Have you already tried to set the primary PG out and wait for the  
backfill to finish?
And another question, are all services running pacific already and on  
the same version (ceph versions)?


Zitat von Cedric :


Yes the osd_scrub_invalid_stats is set to true.

We are thinking about the use of "ceph pg_mark_unfound_lost revert"
action, but we wonder if there is a risk of data loss.

On Thu, Feb 22, 2024 at 11:50 AM Eugen Block  wrote:


I found a config to force scrub invalid PGs, what is your current
setting on that?

ceph config get osd osd_scrub_invalid_stats
true

The config reference states:

> Forces extra scrub to fix stats marked as invalid.

But the default seems to be true, so I'd expect it's true in your case
as well?

Zitat von Cedric :

> Thanks Eugen for the suggestion, yes we have tried, also repeering
> concerned PGs, still the same issue.
>
> Looking at the code it seems the split-mode message is triggered when
> the PG as ""stats_invalid": true,", here is the result of a query:
>
> "stats_invalid": true,
> "dirty_stats_invalid": false,
> "omap_stats_invalid": false,
> "hitset_stats_invalid": false,
> "hitset_bytes_stats_invalid": false,
> "pin_stats_invalid": false,
> "manifest_stats_invalid": false,
>
> I also provide again cluster informations that was lost in previous
> missed reply all. Don't hesitate to ask more if needed I would be
> glade to provide them.
>
> Cédric
>
>
> On Thu, Feb 22, 2024 at 11:04 AM Eugen Block  wrote:
>>
>> Hm, I wonder if setting (and unsetting after a while) noscrub and
>> nodeep-scrub has any effect. Have you tried that?
>>
>> Zitat von Cedric :
>>
>> > Update: we have run fsck and re-shard on all bluestore volume, seems
>> > sharding were not applied.
>> >
>> > Unfortunately scrubs and deep-scrubs are still stuck on PGs of the
>> > pool that is suffering the issue, but other PGs scrubs well.
>> >
>> > The next step will be to remove the cache tier as suggested, but its
>> > not available yet as PGs needs to be scrubbed in order for the cache
>> > tier can be activated.
>> >
>> > As we are struggling to make this cluster works again, any help
>> > would be greatly appreciated.
>> >
>> > Cédric
>> >
>> >> On 20 Feb 2024, at 20:22, Cedric  wrote:
>> >>
>> >> Thanks Eugen, sorry about the missed reply to all.
>> >>
>> >> The reason we still have the cache tier is because we were not able
>> >> to flush all dirty entry to remove it (as per the procedure), so
>> >> the cluster as been migrated from HDD/SSD to NVME a while ago but
>> >> tiering remains, unfortunately.
>> >>
>> >> So actually we are trying to understand the root cause
>> >>
>> >> On Tue, Feb 20, 2024 at 1:43 PM Eugen Block  wrote:
>> >>>
>> >>> Please don't drop the list from your response.
>> >>>
>> >>> The first question coming to mind is, why do you have a cache-tier if
>> >>> all your pools are on nvme decices anyway?
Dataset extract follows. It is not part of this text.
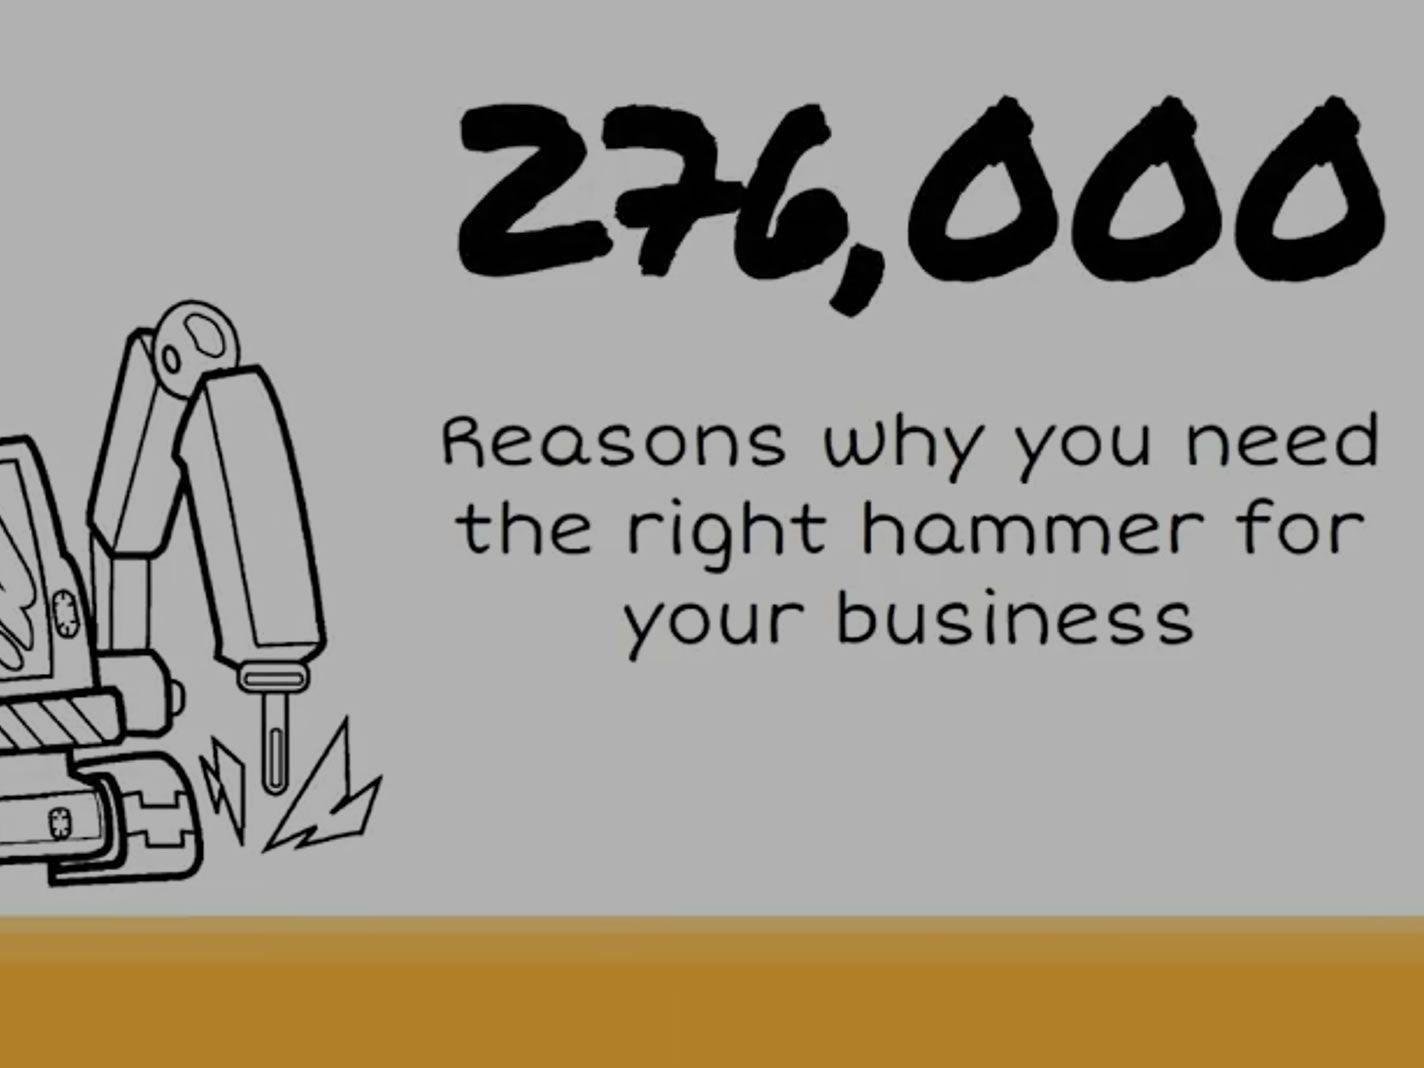 276,000 Reasons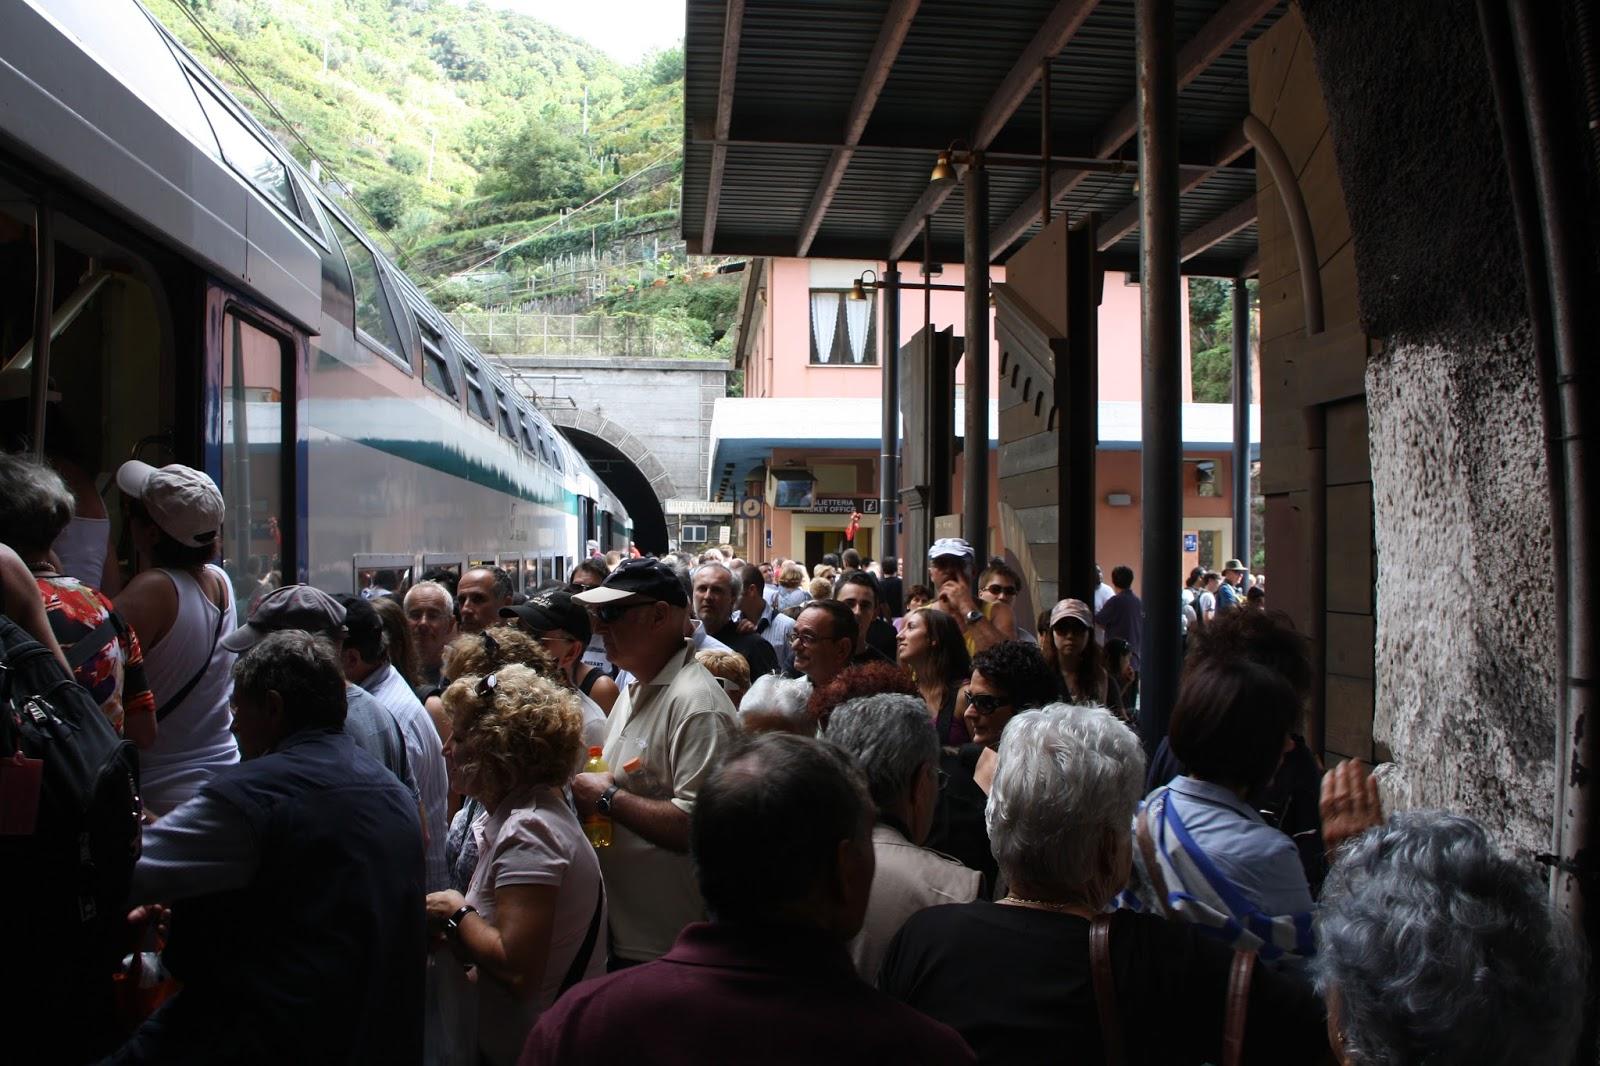 Travel By Train Vs Car In Italian Riviera

I don't see any  
benefit here.

>> >>> Did you try the suggested workaround and disable the cache-tier?
>> >>>
>> >>> Zitat von Cedric :
>> >>>
>>  Thanks Eugen, see attached infos.
>> 
>>  Some more details:
>> 
>>  - commands that actually hangs: ceph balancer status ; rbd  
-p vms ls ;

>>  rados -p vms_cache cache-flush-evict-all
>>  - all scrub running on vms_caches pgs are stall / start in a loop
>>  without actually doing anything
>>  - all io are 0 both from ceph status or iostat on nodes
>> 
>>  On Tue, Feb 20, 2024 at 10:00 AM Eugen Block  wrote:
>> >
>> > Hi,
>> >
>> > some more details would be helpful, for example what's the  
pool size

>> > of the cache pool? Did you issue a PG split before or during the
>> > upgrade? This thread [1] deals with the same problem, the described
>> > workaround was to set hit_set_count to 0 and disable the  
cache layer

>> > until that is resolved. Afterwards you could enable the cache layer
>> > again. But keep in mind that the code for cache tier is entirely
>> > removed in Reef (IIRC).
>> >
>> > Regards,
>> > Eugen
>> >
>> > [1]
>> >
>>  
https://ceph-users.ceph.narkive.com/zChyOq5D/ceph-strange-issue-after-adding-a-cache-osd

>> >
>> > Zitat von Cedric :
>> >
>> >> Hello,
>> >>
>> >> Following an upgrade from Nautilus (14.2.22) to Pacific  
(16.2.13), we

>> >> encounter an issue with a cache pool becoming completely stuck,
>> >> relevant messages below:
>> >>
>> >> pg xx.x has invalid (post-split) stats; must scrub before  
tier agent

>> >> can activate
>> >>
>> >> In OSD logs, scrubs are starting i

[ceph-users] Sharing our "Containerized Ceph and Radosgw Playground"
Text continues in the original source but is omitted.